== Assignment ==
Exact copy, no pictures: return only the lines below from the line with "ESH Db, Ovp" up to and including the line with "Northeast: Kancamahus Highway".

== Provided records ==
========================================

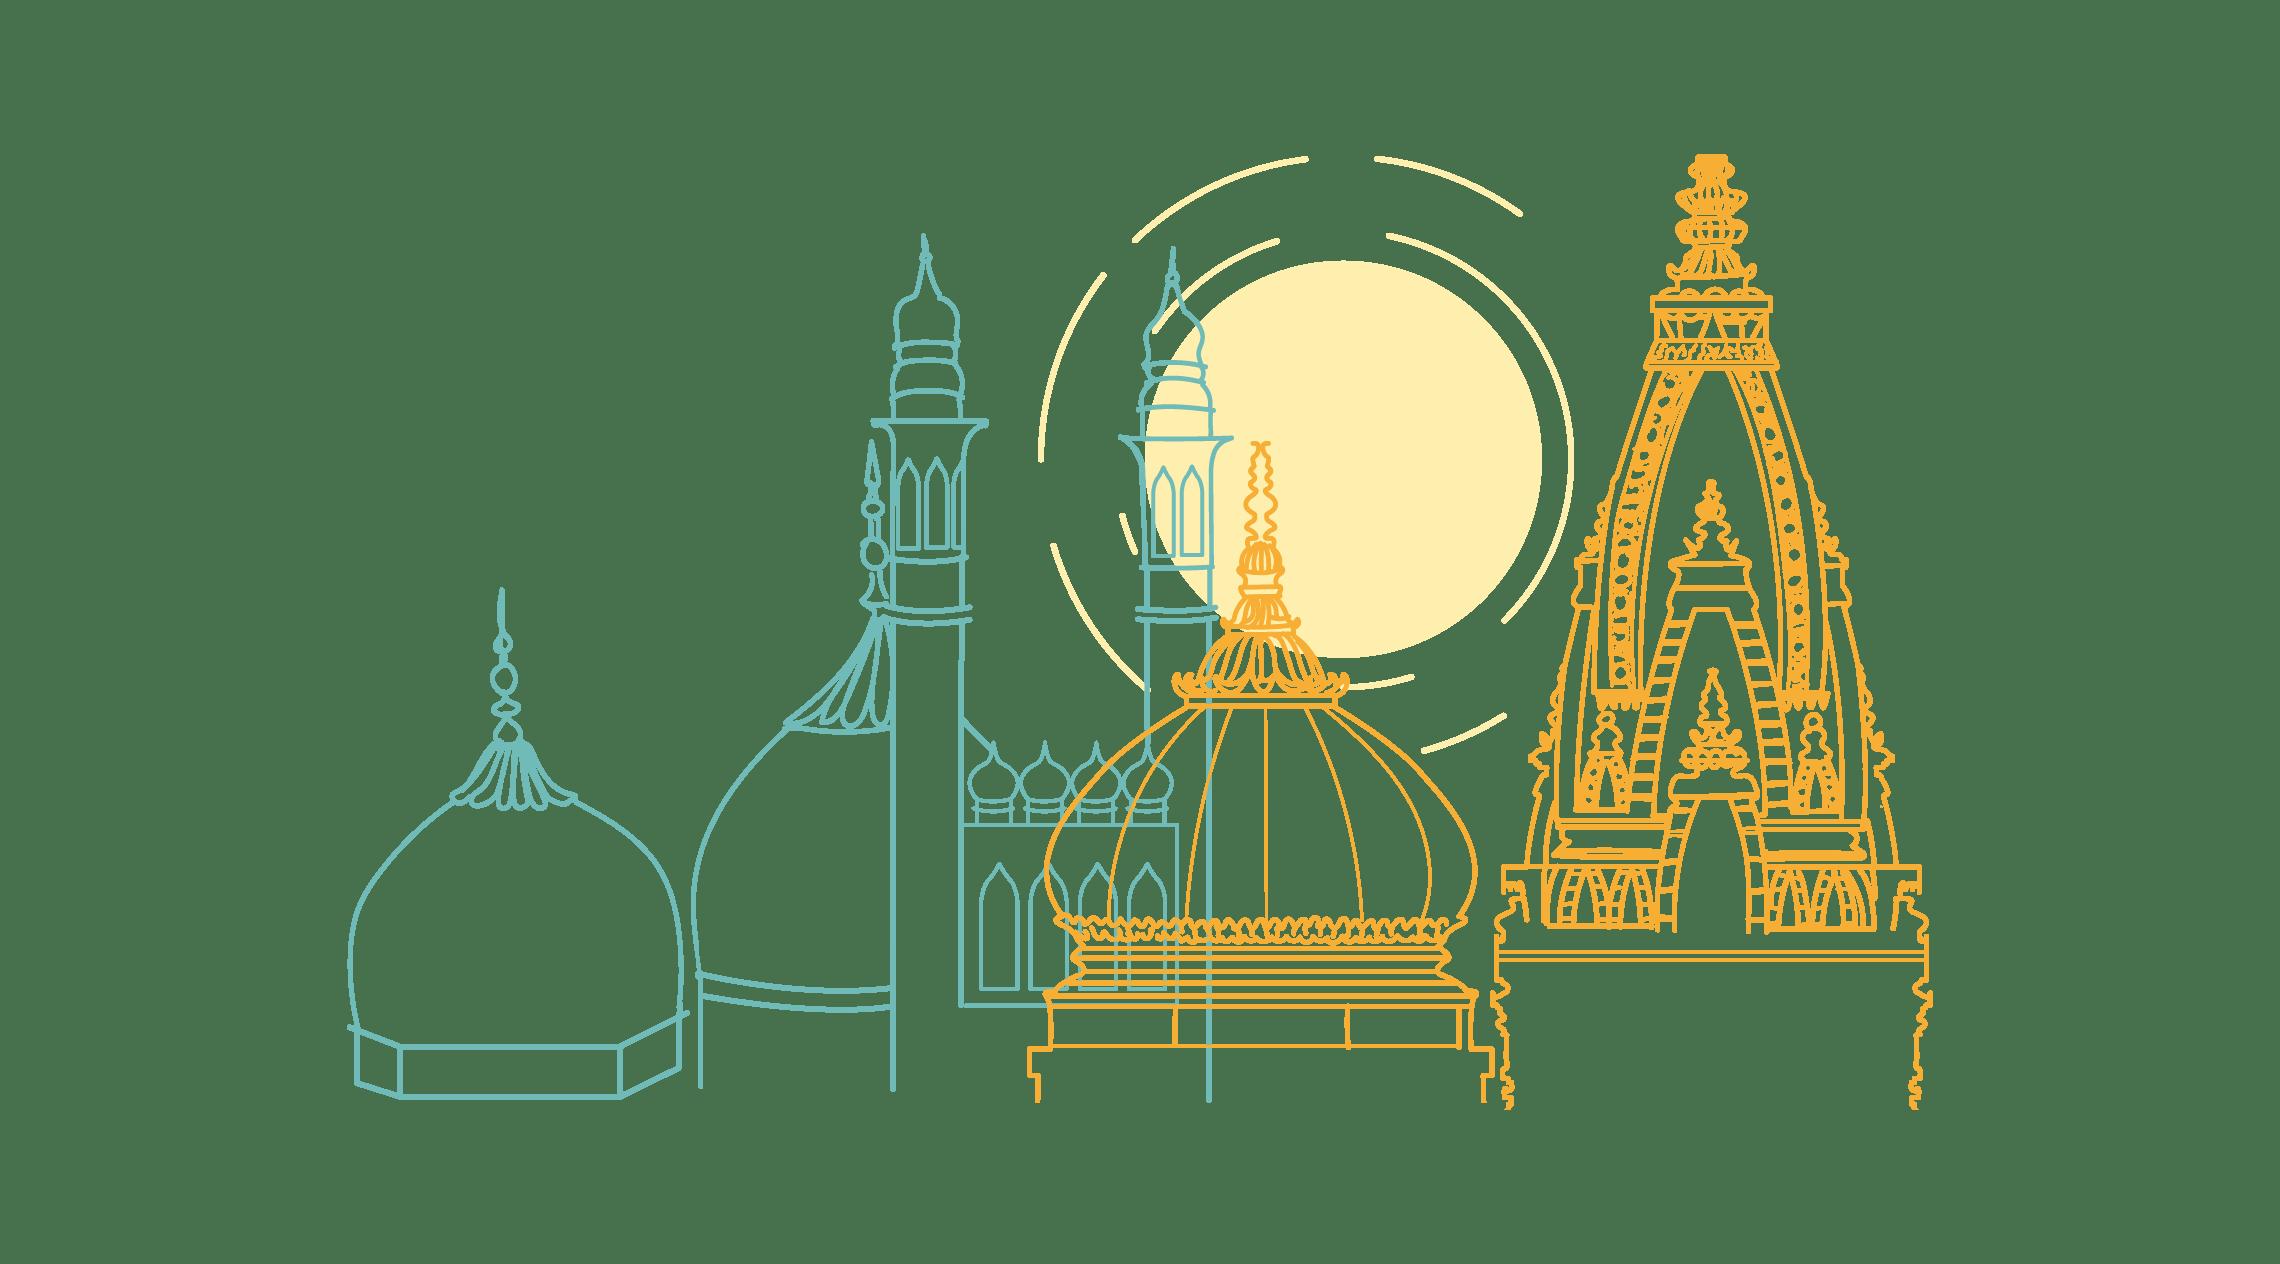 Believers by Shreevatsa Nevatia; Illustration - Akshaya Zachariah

========================================

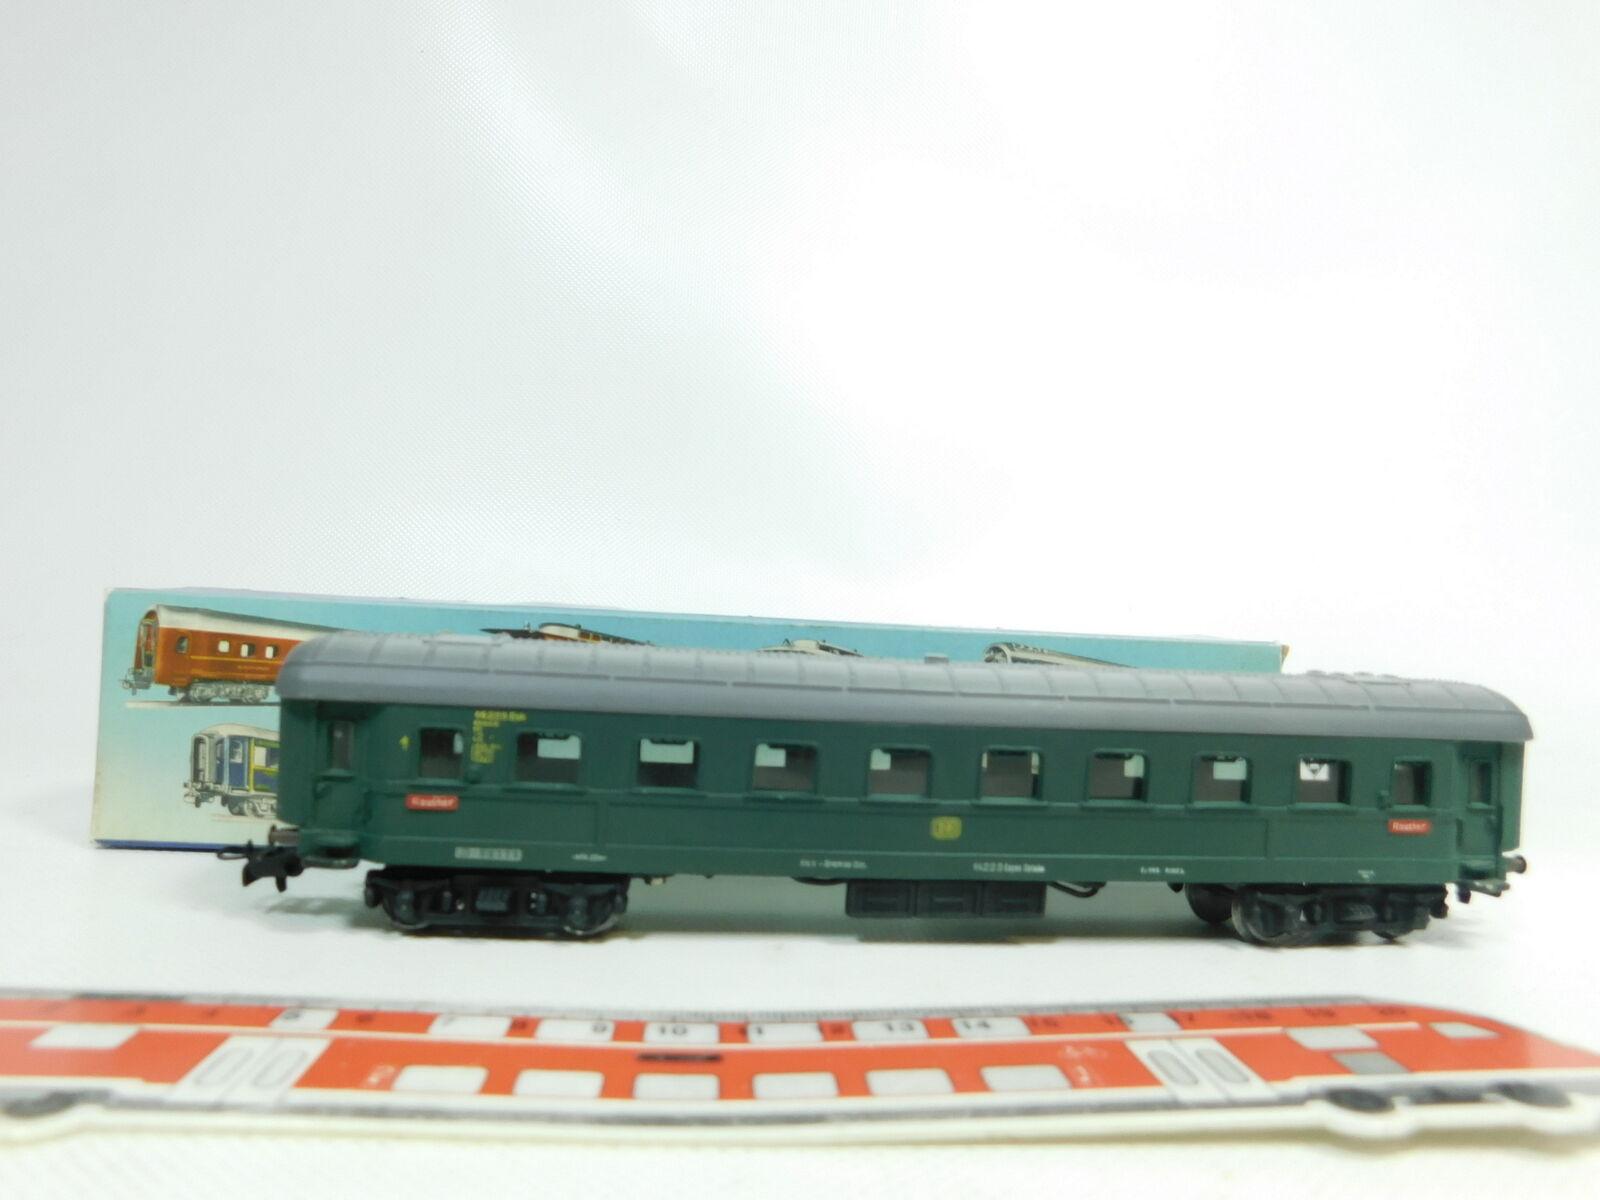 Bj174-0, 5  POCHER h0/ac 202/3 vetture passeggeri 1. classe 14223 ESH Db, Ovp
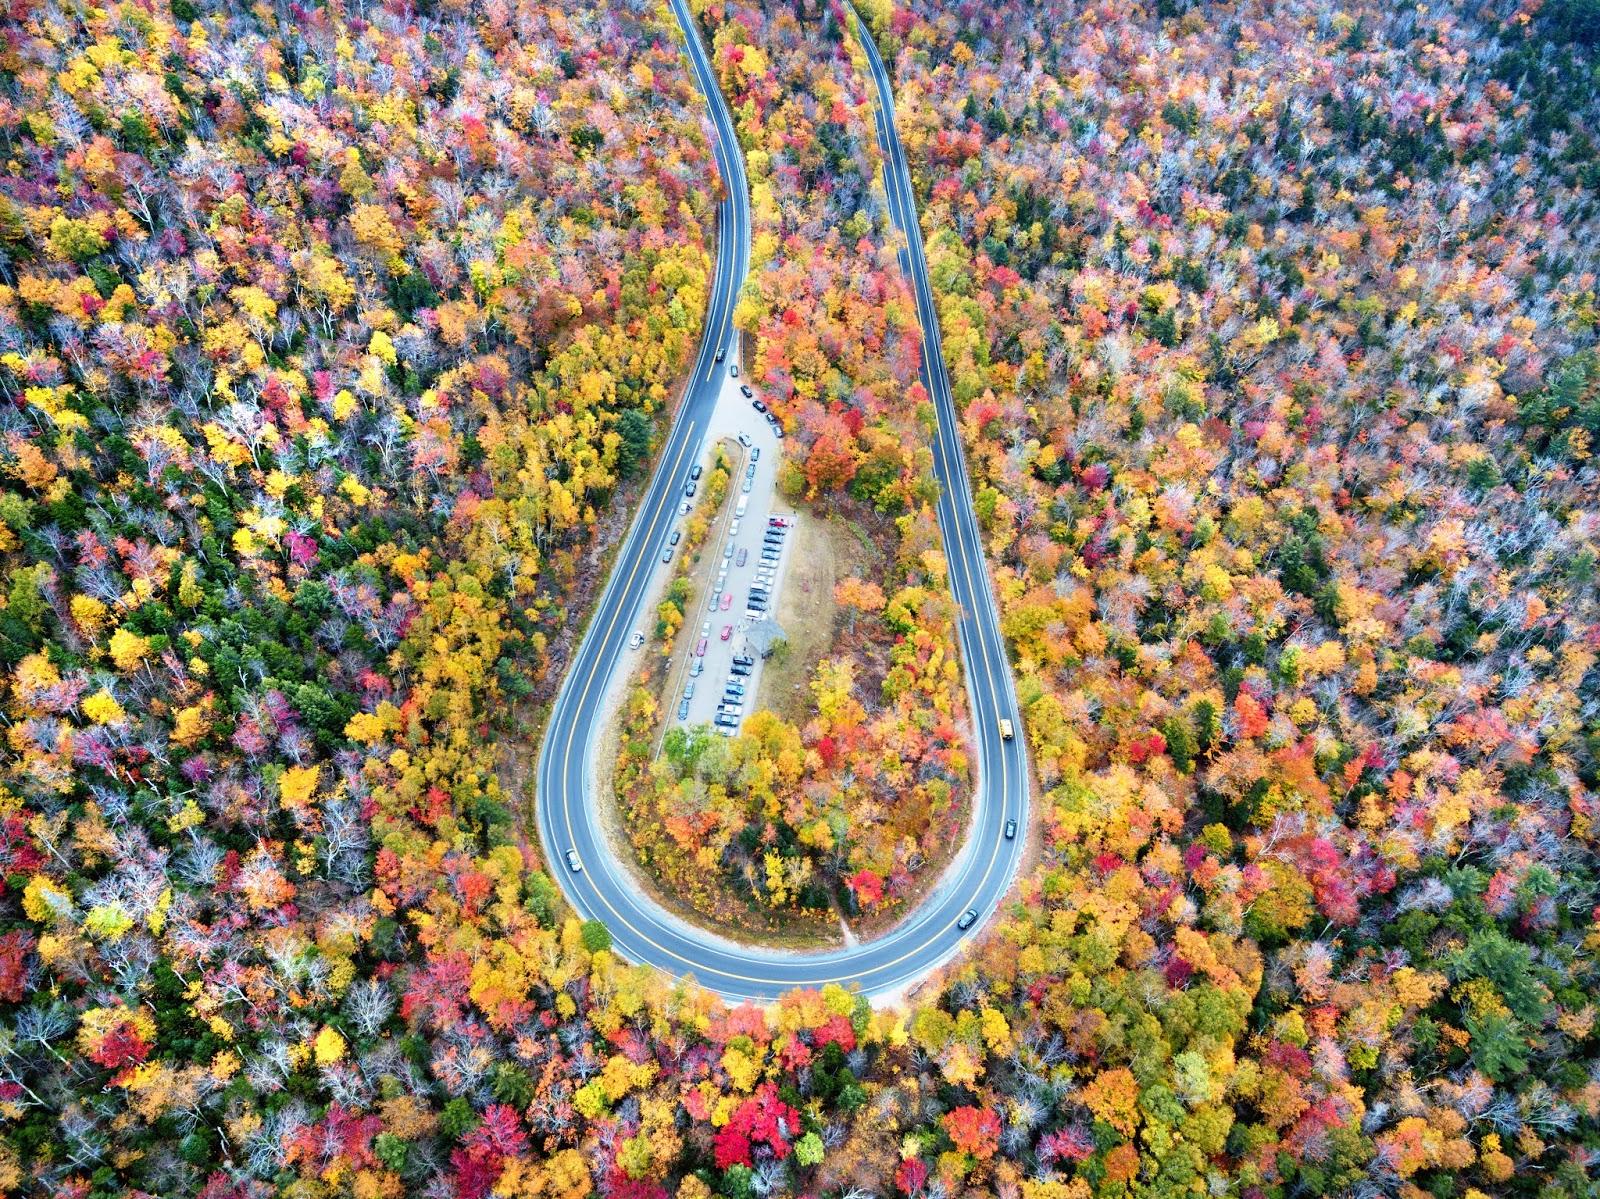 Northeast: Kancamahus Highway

========================================

== Written solution ==
 Bj174-0, 5  POCHER h0/ac 202/3 vetture passeggeri 1. classe 14223 ESH Db, Ovp
 Northeast: Kancamahus Highway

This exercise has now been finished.